Secondly, the gold standard contained only 116 studies on measurement properties, and therefore the initial performance of the filter was based only on 116 studies. However, the validation sets contained 100 and 242 studies on measurement properties, respectively, which means that in total the filter has been tested on 458 studies on measurement properties.
The performance of our sensitive filter is higher than that of many other filters. For example, our filter has a higher sensitivity than 23 available search filters for finding diagnostic studies (highest sensitivity 86.9%) [12, 13]. This might be the result of the generalizability of our gold standard set of records, of using multiple sources for search term selection, and the inclusion of over 150 search terms in the filter. Large search filters are easy to use in PubMed because the filter can be copied and pasted at once into the search box.
The performance of the filters can be improved in the future when records on measurement properties are properly indexed or when indexation is corrected. This can be facilitated by reaching consensus among researchers on terminology of measurement properties. For example, the search terms “reproducib* [tw]” and “reliab*[tiab]” retrieved almost a similar amount of studies. In the COSMIN Delphi study, international consensus was reached on using the term “reliability” [14]. Such efforts will facilitate indexing by the NLM and improve retrieval of studies. In addition, standards for reporting studies on measurement properties should be developed. Such standards do not yet exist. For randomized clinical trials, this, with considerable effort of the Cochrane Collaboration, has resulted in increased performance of search filters up to over 99% [15].
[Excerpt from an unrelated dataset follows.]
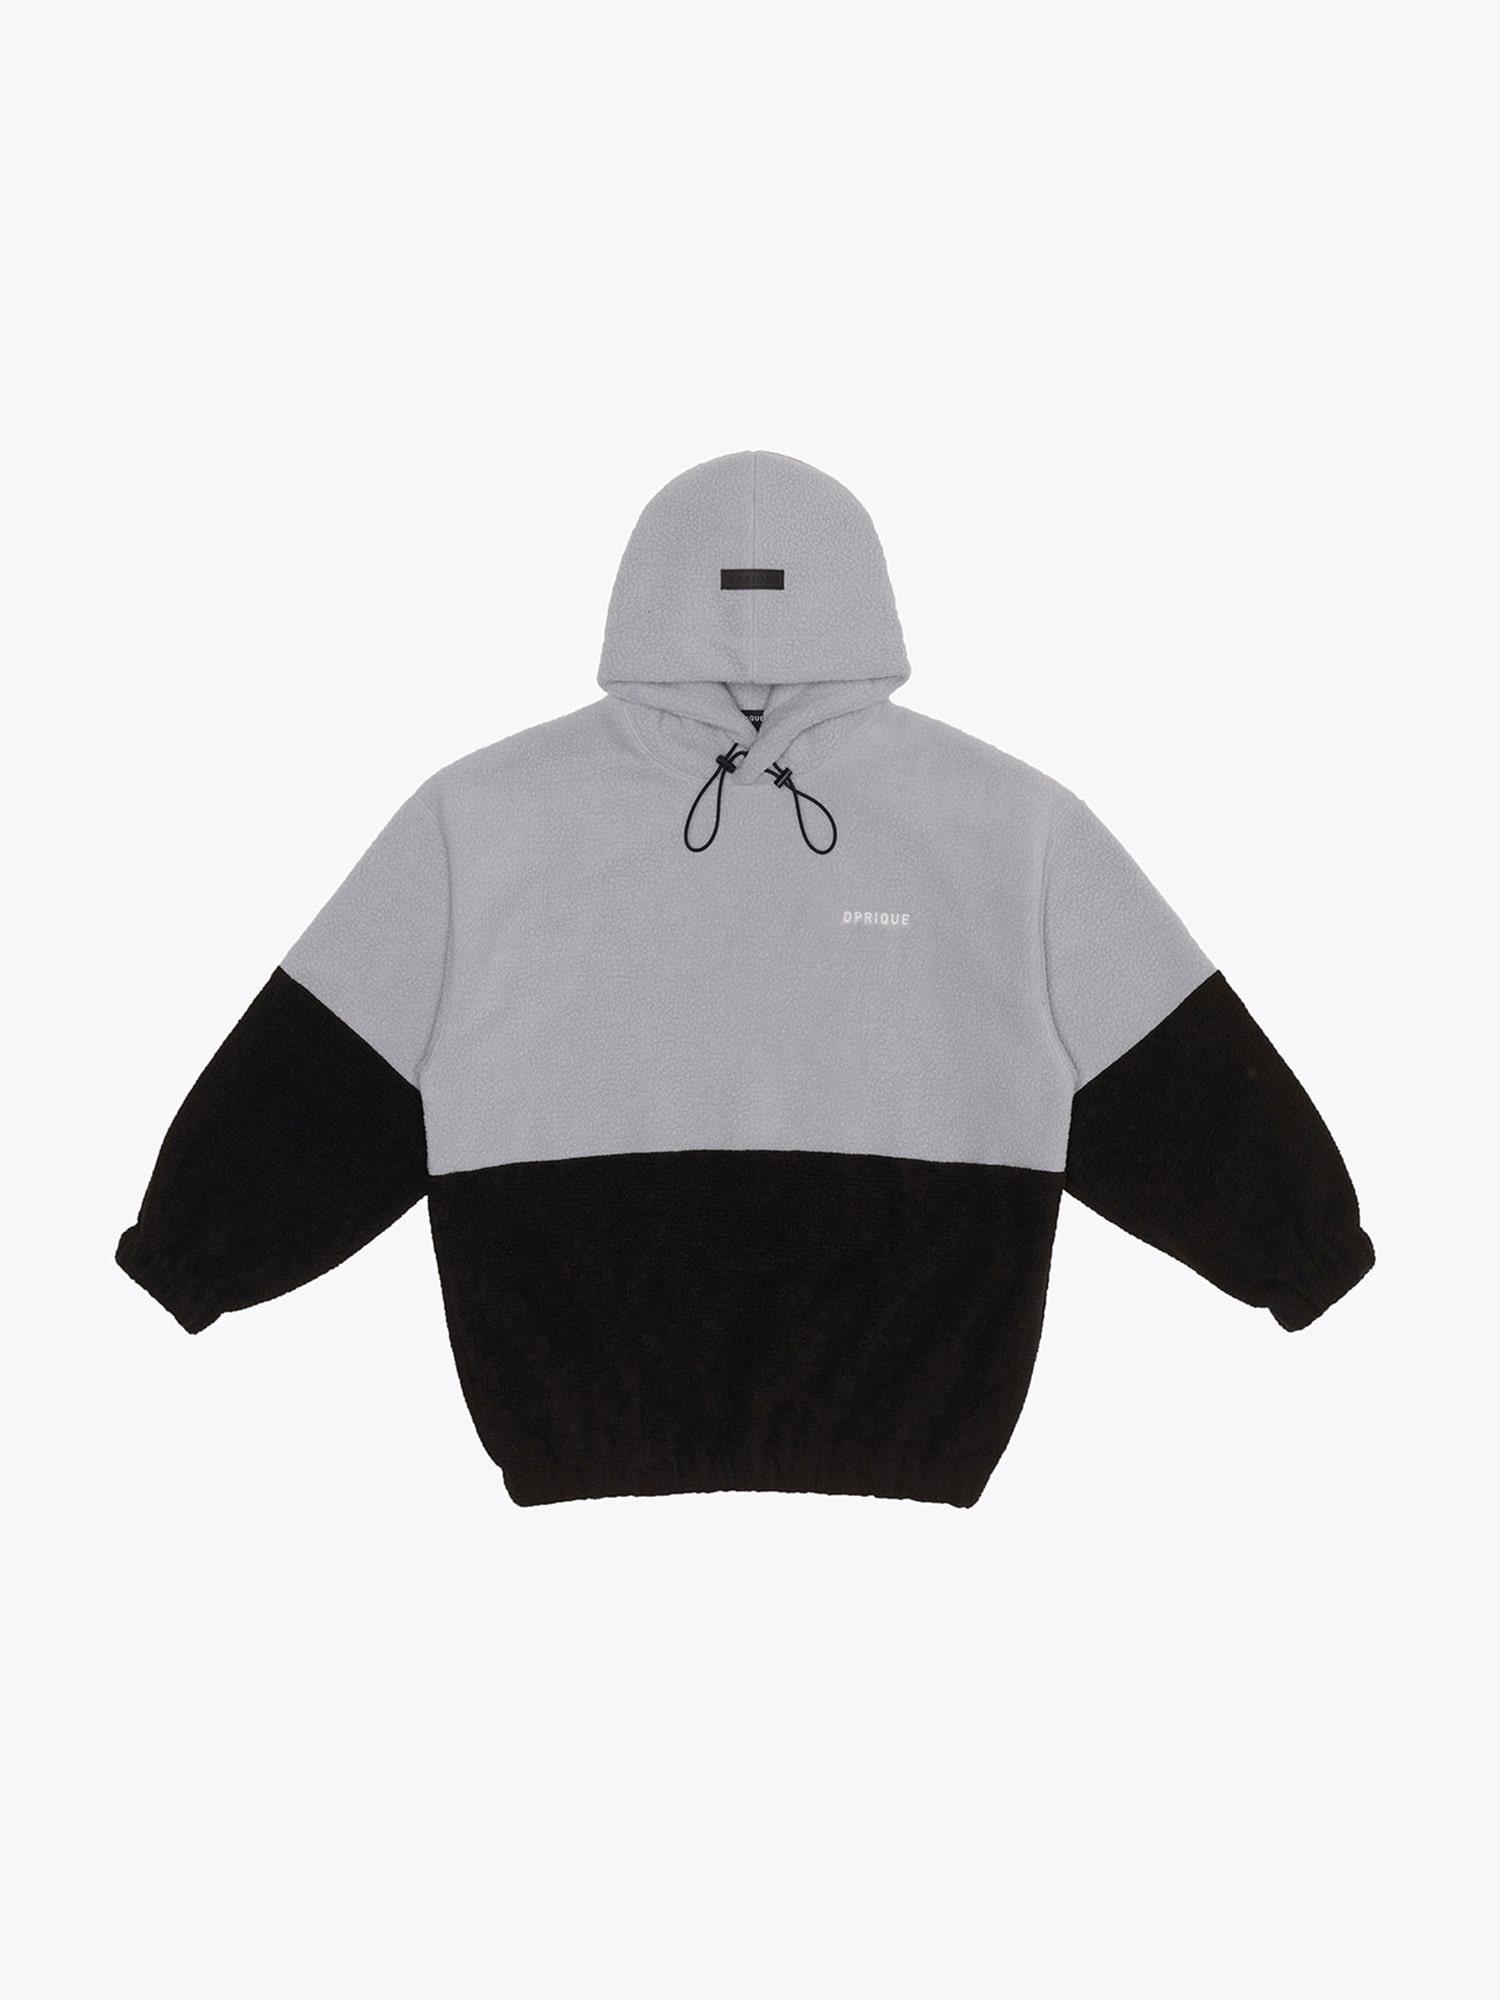 Oversized Fleece Hoodie - Grey/Black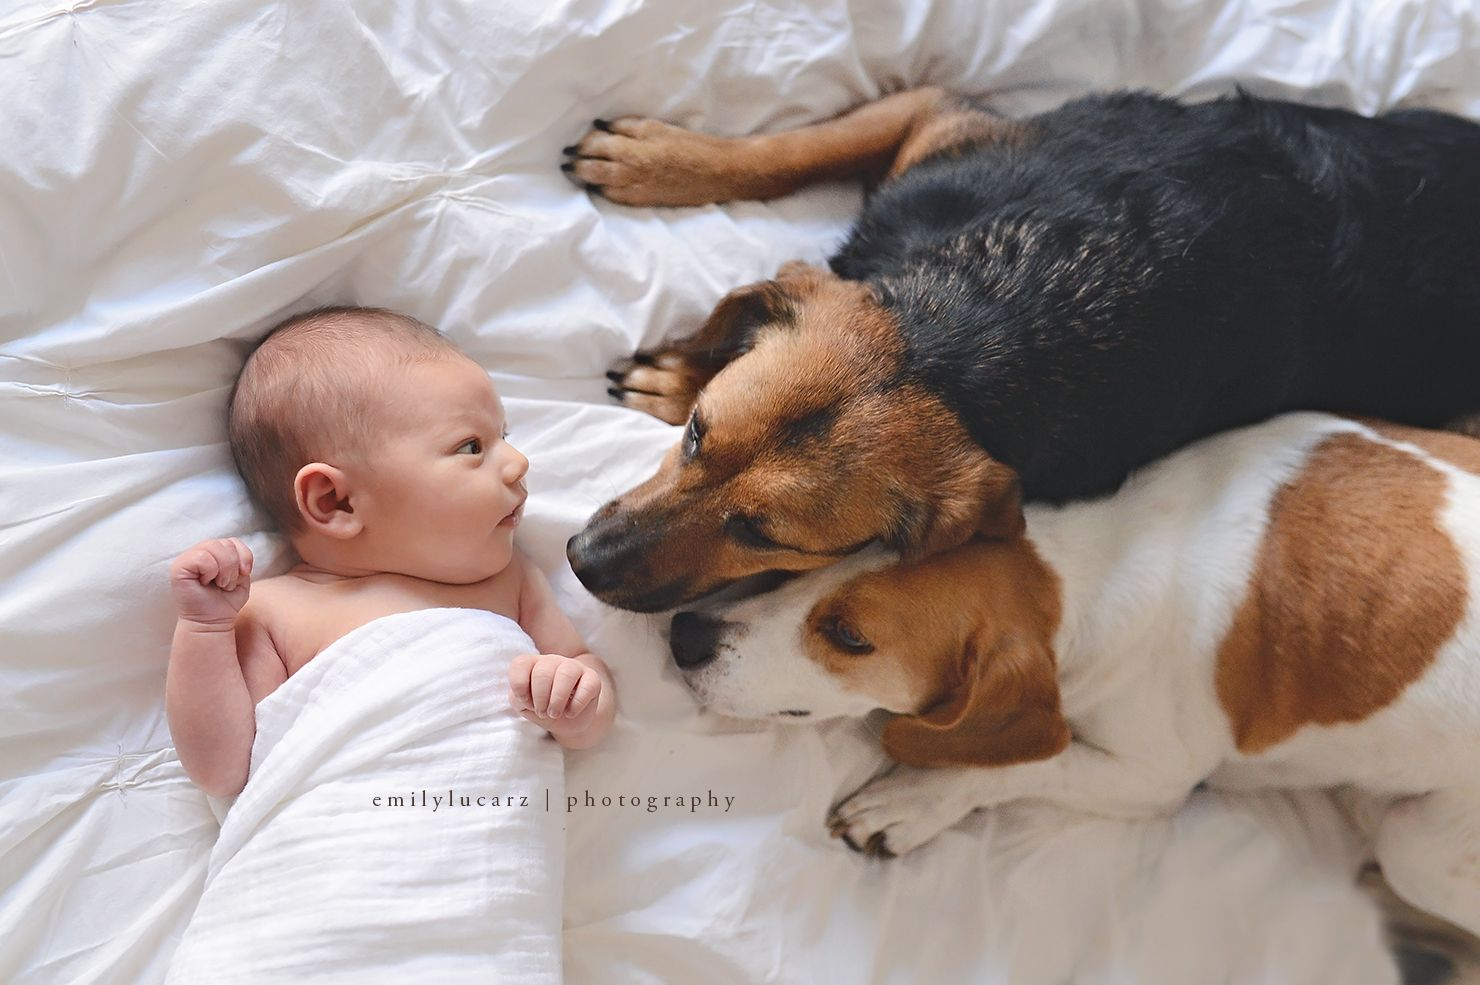 Newborn Photography With Dog

Practical recommendations for using the filters
For using the search filters, a computer with internet access is required. PubMed is freely available all over the world. Users of the filters should make a choice of the filter they want to use. This depends on the aim of their search. The sensitive search filter is especially suitable for researchers to use in systematic reviews of studies on measurement properties. The precise filter can be used by researchers or clinicians for a less extensive search, e.g. to obtain an overview of the measurement properties of one specific measurement instrument to be used as an outcome measure in a particular study or in clinical practice. In both cases, the filter should be used in combination with search terms for the construct of interest, search terms for the kind of measurement instruments of interest, and search terms for the population of interest. These terms should be defined by the users, preferably with help of an information specialist. The exclusion filter could be used to exclude irrelevant study types. If users want to retrieve all publication types, or they want to include human and animal studies, they should not use the exclusion filter.
If users of the filters think that the performance of the filters might improve by adding additional terms, they are free to test and validate this. Adding additional terms might improve the sensitivity, but at the cost of lowering the precision because new terms will also yield new irrelevant studies.